Sylvie Boucher a perdu son siège aux dernières élections, était la seule femme parmi les députés conservateurs du Québec.

Andrew Scheer devra s’entourer d’une femme forte du Québec, croit Sylvie Boucher

OTTAWA — Le chef conservateur Andrew Scheer devrait s’entourer d’une femme forte du Québec pour le conseiller s’il veut être en mesure de reconnecter avec les Québécois, selon l’ex-députée Sylvie Boucher.

Mme Boucher, qui a perdu son siège aux dernières élections, était la seule femme parmi les députés conservateurs du Québec. La poussière retombée, elle dit quitter le monde politique «la tête haute» et avec le sentiment du devoir accompli. Elle ne fait pas partie de ceux qui réclament la tête de son chef, mais pense qu’il devra être en mesure de «comprendre pourquoi ça n’a pas marché au Québec» s’il veut rester à la tête de sa formation politique.

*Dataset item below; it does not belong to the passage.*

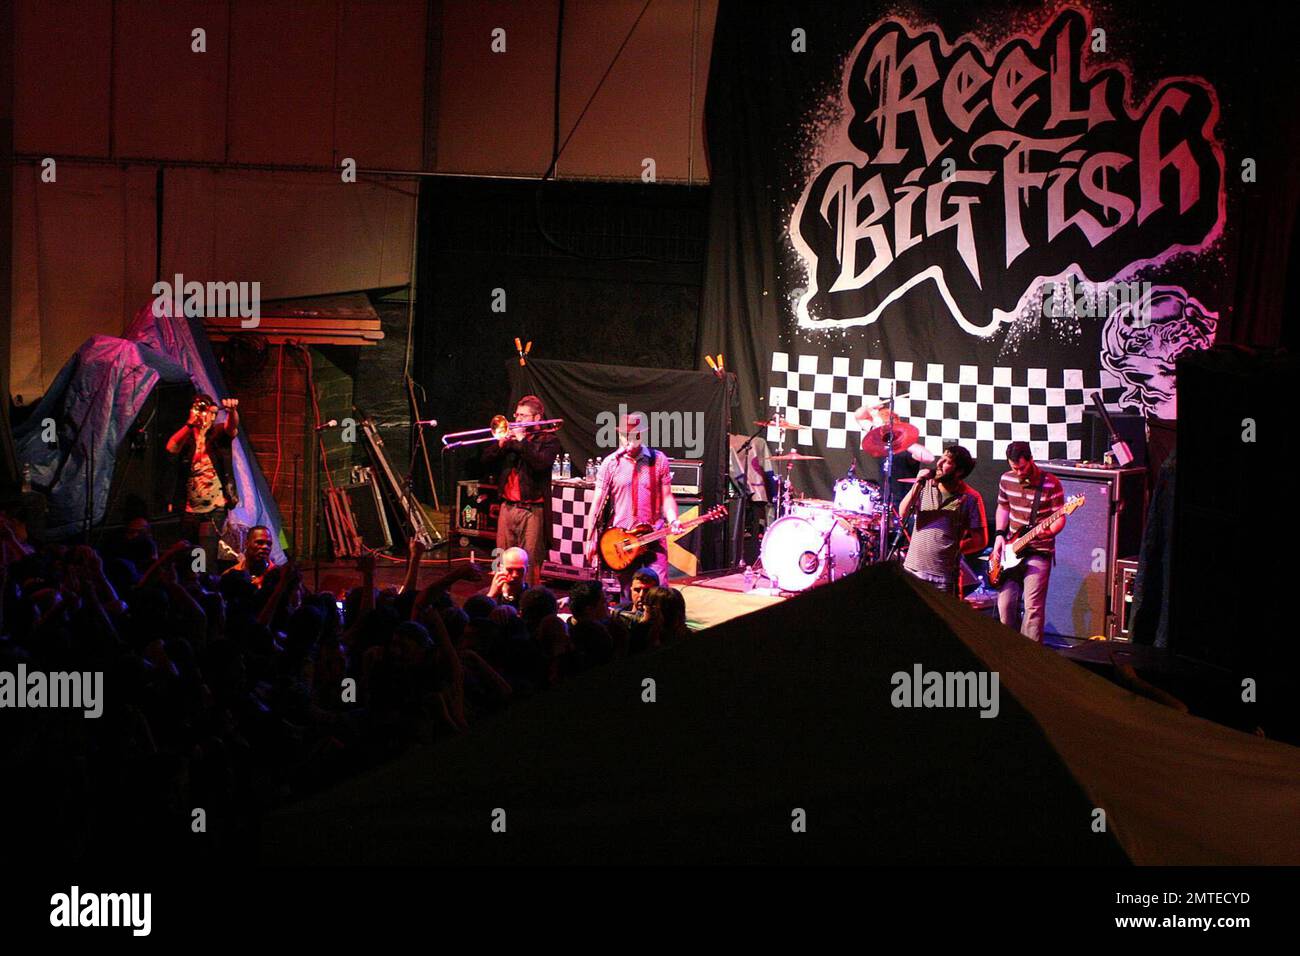 Reel Big Fish performs in concert at Club Revolution. Ft

L’ancienne députée pense qu’il «manque de femmes autour de lui, du Québec, pour l’aider» et pour le mettre au défi afin qu’il «comprenne bien» les sensibilités québécoises, sur l’avortement notamment.

Mme Boucher dit avoir fait part de sa recommandation peu de temps après sa défaite, lors d’une conversation avec M. Scheer.

Le chef conservateur s’est entouré lors de la plus récente campagne électorale des mêmes joueurs qui ont assuré son succès pendant la course à la direction du parti, il y a plus de deux ans.

Hamish Marshall, un ami de longue date, agissait à titre de directeur de la campagne nationale. Il y avait deux directeurs adjoints : Dustin Van Vugt, un vétéran du parti, et Marc-André Leclerc, le chef de cabinet de M. Scheer.

La secrétaire principale de M. Scheer, Kenzie Potter, à ses côtés depuis qu’il était président de la Chambre, a elle aussi suivi le chef sur la route avec son jeune bébé pendant la campagne.

Quant à l’absence de représentation féminine dans le caucus québécois actuel, Mme Boucher confie qu’il s’agit de sa «plus grande tristesse».

L’équipe québécoise, avec le lieutenant politique Alain Rayes à sa tête, avait réussi à recruter un nombre record de femmes candidates à la dernière élection. Aucune d’entre elles n’a été élue, malgré leurs efforts et ceux du parti.

Mme Boucher dit qu’elle ne cherche pas de coupables. Les candidates d’un peu partout au Québec ont travaillé très fort pour tenter de se faire élire, dit-elle, mais les électeurs en ont décidé autrement.

Dans les derniers jours, des conservateurs québécois ont commencé à exiger le départ de M. Scheer. L’ancienne ministre Josée Verner, l’ex-candidat Tom Pentefountas et le sénateur Jean-Guy Dagenais ont tous eu des mots durs à l’endroit de la campagne de M. Scheer ou du chef lui-même, qui ne passerait pas au Québec, selon eux.